KR20180092593A - High-frequency induction heating system for automotive hood panel sealer bonding - Google Patents

Abstract

The present invention relates to a high-frequency induction heating system for sealer bonding of a vehicle′s hood which hardens a sealer applied between the outer and inner panels when manufacturing a vehicle hood. The high-frequency induction heating system for sealer bonding of a vehicle hood hardens a sealer applied to a hemming portion of the outer and inner panels of a vehicle hood, and comprises: a heating coil to heat the hemming portion; a high frequency generation unit to supply an alternating current to the heating coil; a transport unit to move the heating coil; a temperature sensor to measure the temperature of the hemming portion; a distance measurement sensor to measure the distance between the hemming portion and the heating coil; and a control unit to control the degree of movement of the transport unit in accordance with the distance measured by the distance measurement sensor, and control the output of the alternating current supplied by the high frequency generation unit in accordance with the temperature measured by the temperature sensor.

Description

BACKGROUND OF THE INVENTION 1. Field of the Invention [0001] The present invention relates to a high frequency induction heating system for sealing a hood of a vehicle,

BACKGROUND OF THE INVENTION 1. Field of the Invention The present invention relates to a high frequency induction heating system for sealing a vehicle hood, and more particularly, to a high frequency induction heating system for sealing a hood of a vehicle, in which a sealer applied between an outer panel and an inner panel, To a high frequency induction heating system.

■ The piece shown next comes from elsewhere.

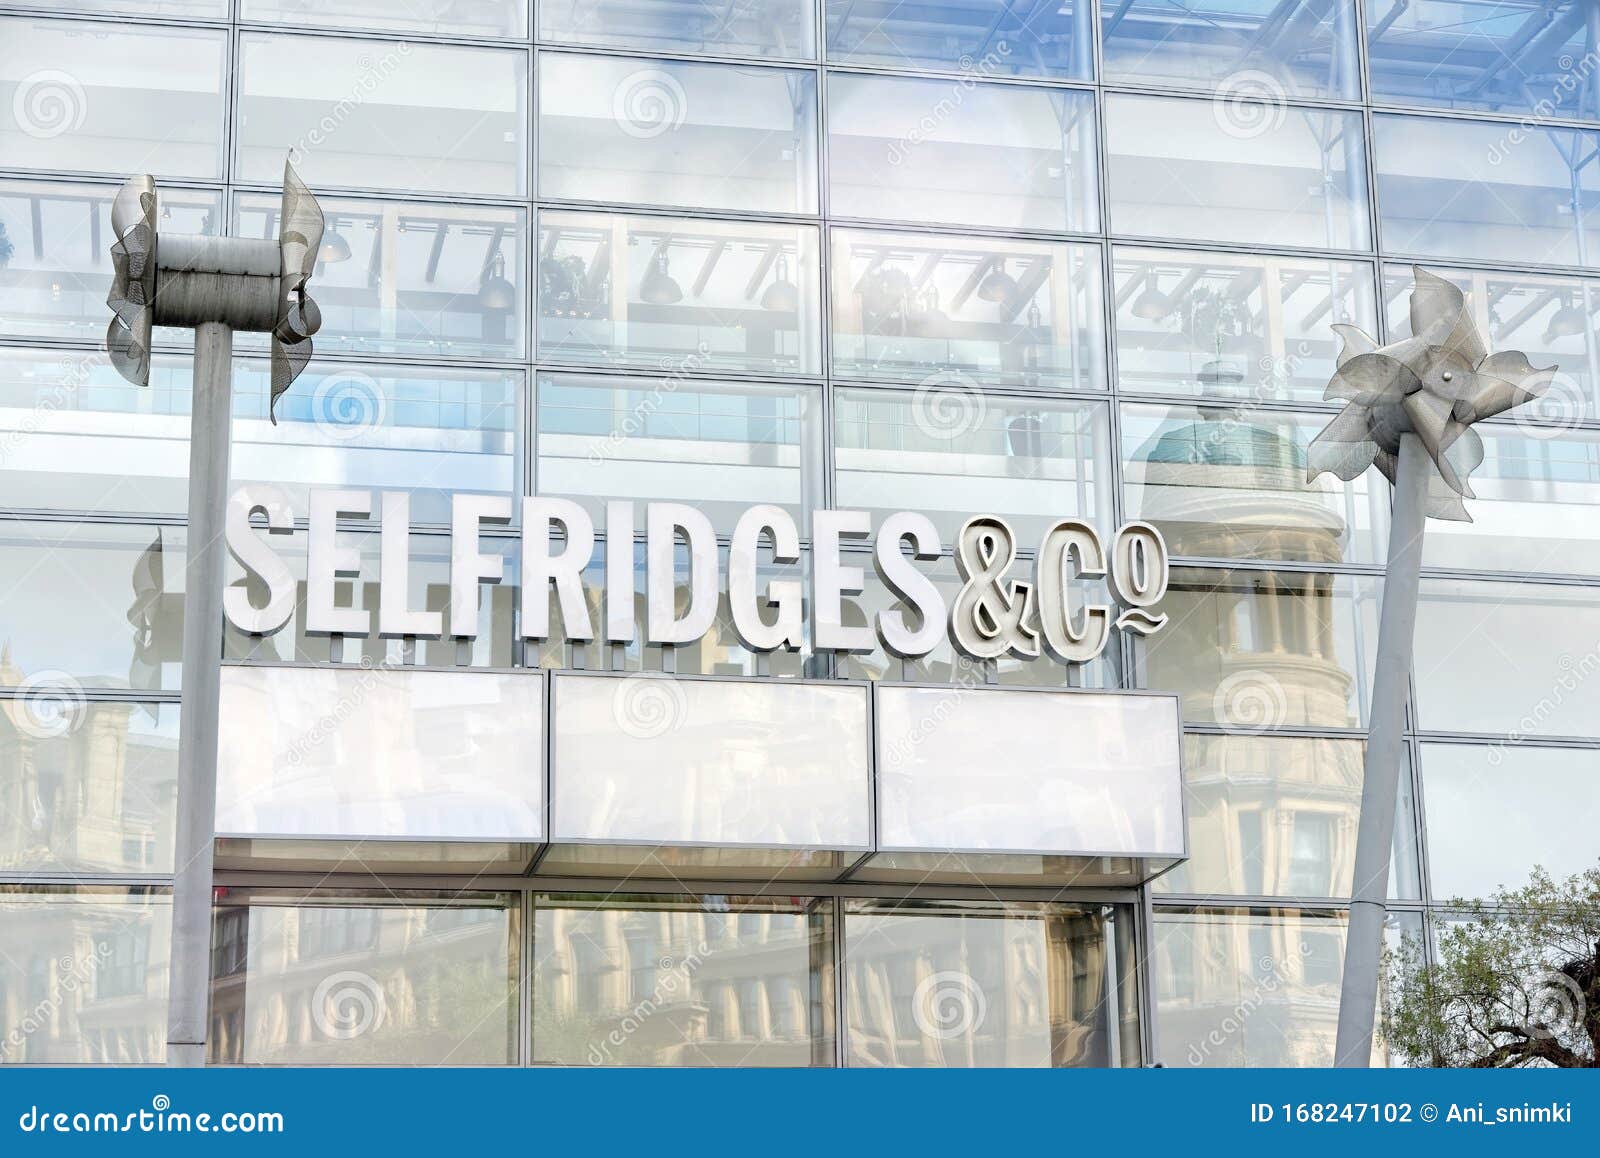 Selfridges Manchester

A hood and a door of a vehicle are components to be opened and closed, and have a structure in which two panels (an outer panel and an inner panel) are bonded to each other.

Conventionally, an adhesive sealer 30 is applied between an outer panel 10 and an inner panel 20 as shown in FIG. 1, and then an edge of the outer panel 10 is bent The outer panel 10 and the inner panel 20 are joined. In addition, by heating the hemming region using the high frequency induction heating coil 40 connected to the heater main body (not shown), the adhesive sheet 30 is hardened so that the outer panel 10 and the inner panel 20 are firmly fixed .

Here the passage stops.